Gorgeous little fishies :001_wub: Did you manage to find a shop that had pure ones, or did you get them direct from a breeder?

When you've got some females, give me a shout if you're looking for someone to take some of the fry


----------



## magpie (Jan 3, 2009)

Lovely fishies (both of you!) 

I do like endlers


----------



## Apollo2012 (Jun 10, 2013)

NaomiM said:


> Gorgeous little fishies :001_wub: Did you manage to find a shop that had pure ones, or did you get them direct from a breeder?
> 
> When you've got some females, give me a shout if you're looking for someone to take some of the fry


We went to a normal fish shop and the endlers were kept in there own tank, they did say they dont get them in very often and they only stock males because people want the bright colours and the females are completly plain. So we're going to check out specialist place in a couple weeks for females if still no luck im going to have to find a breeder


----------



## NaomiM (Sep 22, 2012)

Got 4 more  Again, they almost definitely have some guppy in them, but they're still pretty little fish!

I'm stocked up to the limit now, so need to stay away from aquatic shops to avoid temptation... though there may be a new tank in the pipeline sometime soon...


----------



## magpie (Jan 3, 2009)

NaomiM said:


> ... though there may be a new tank in the pipeline sometime soon...

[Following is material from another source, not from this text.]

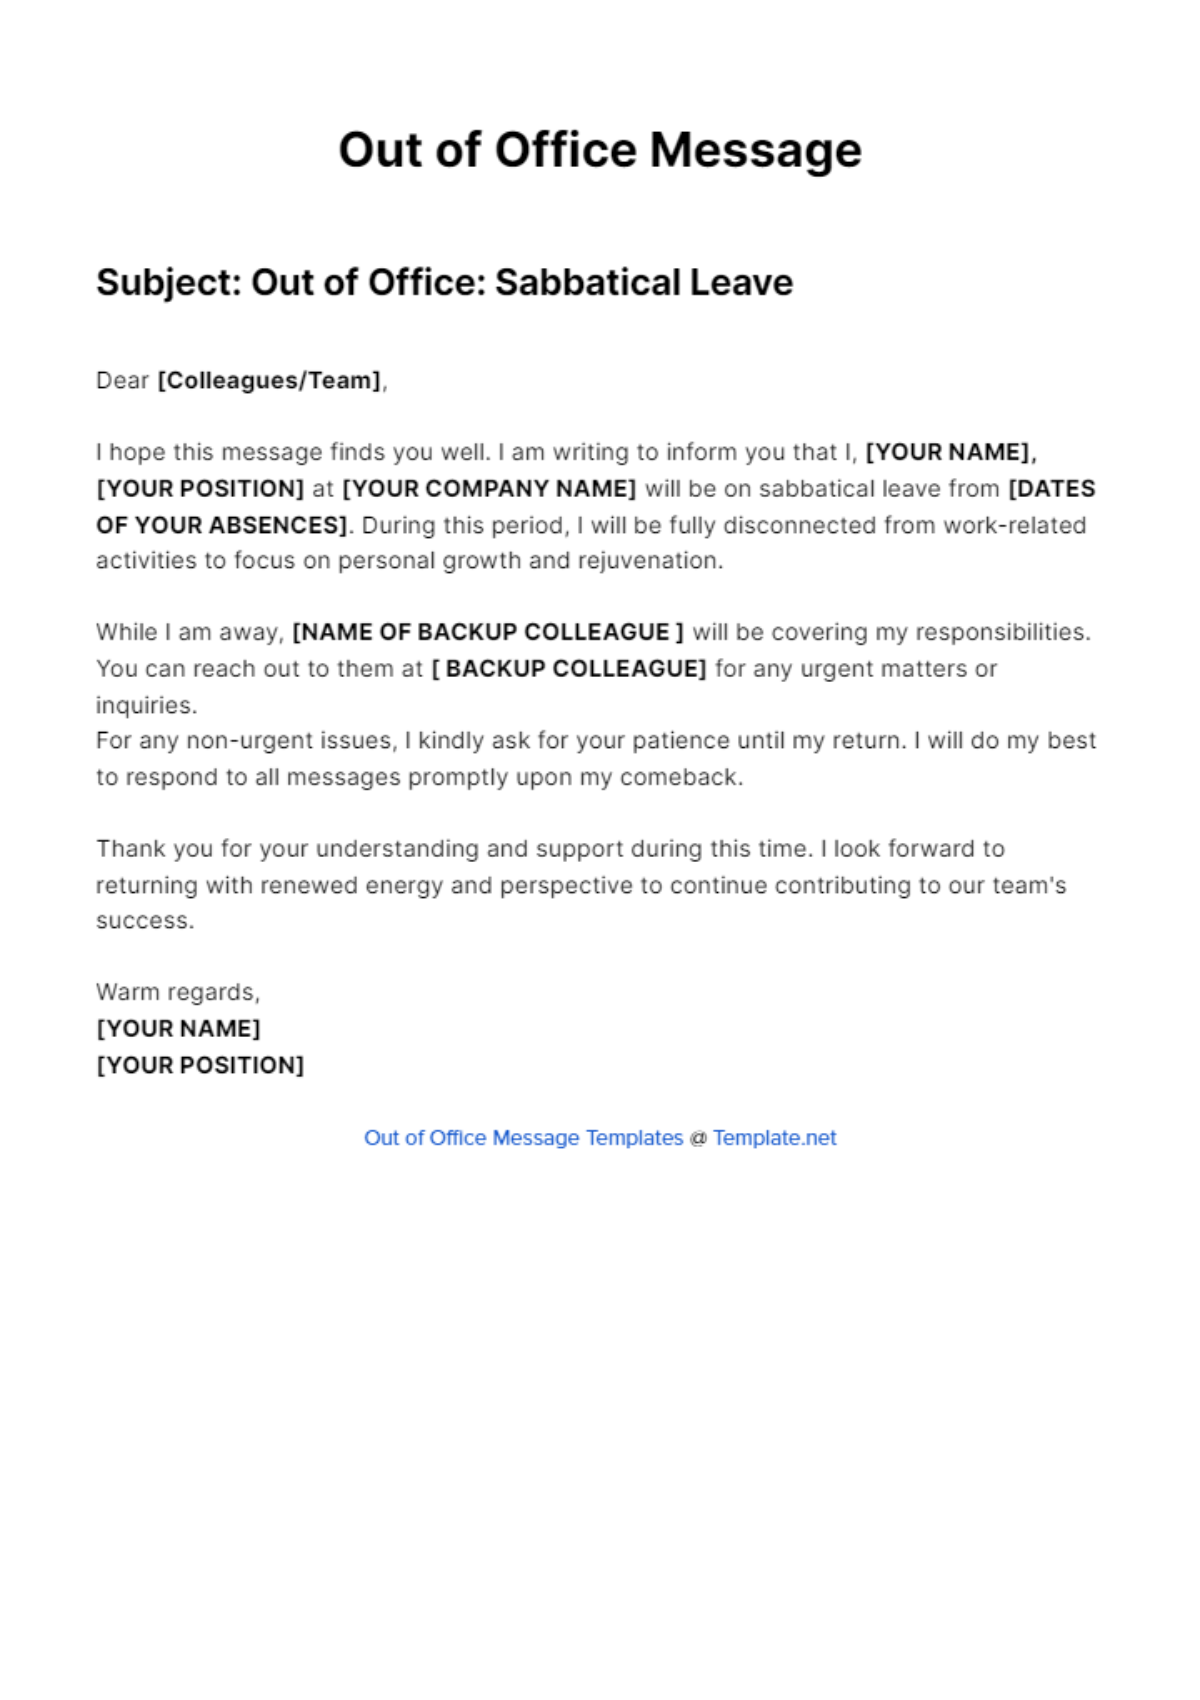 Out Of Office Message For Sabbatical Leave Template

I wondered how long you'd hold out before getting another!! 

Lovely fish, do you have an updated full-tank pic for us?


----------



## NaomiM (Sep 22, 2012)

It needs a good clean first! My nerite snail has left patterns all over the front glass - it doesn't do much for photo quality!


----------



## NaomiM (Sep 22, 2012)

Let's see if this works - I'm new to this Dropbox malarchy 

Edit - nope didn't work, but hopefully this link will:

https://www.dropbox.com/sc/t2jyzwjya6nexkx/8NwKg8Ha96

Not the best pic as it's taken with my rather basic smartphone, but you get the general idea!


----------



## magpie (Jan 3, 2009)

Looks lovely! And your plants seem to be doing well


----------



## NaomiM (Sep 22, 2012)

Thanks, need to give that java moss a trim, it's gone crazy!


----------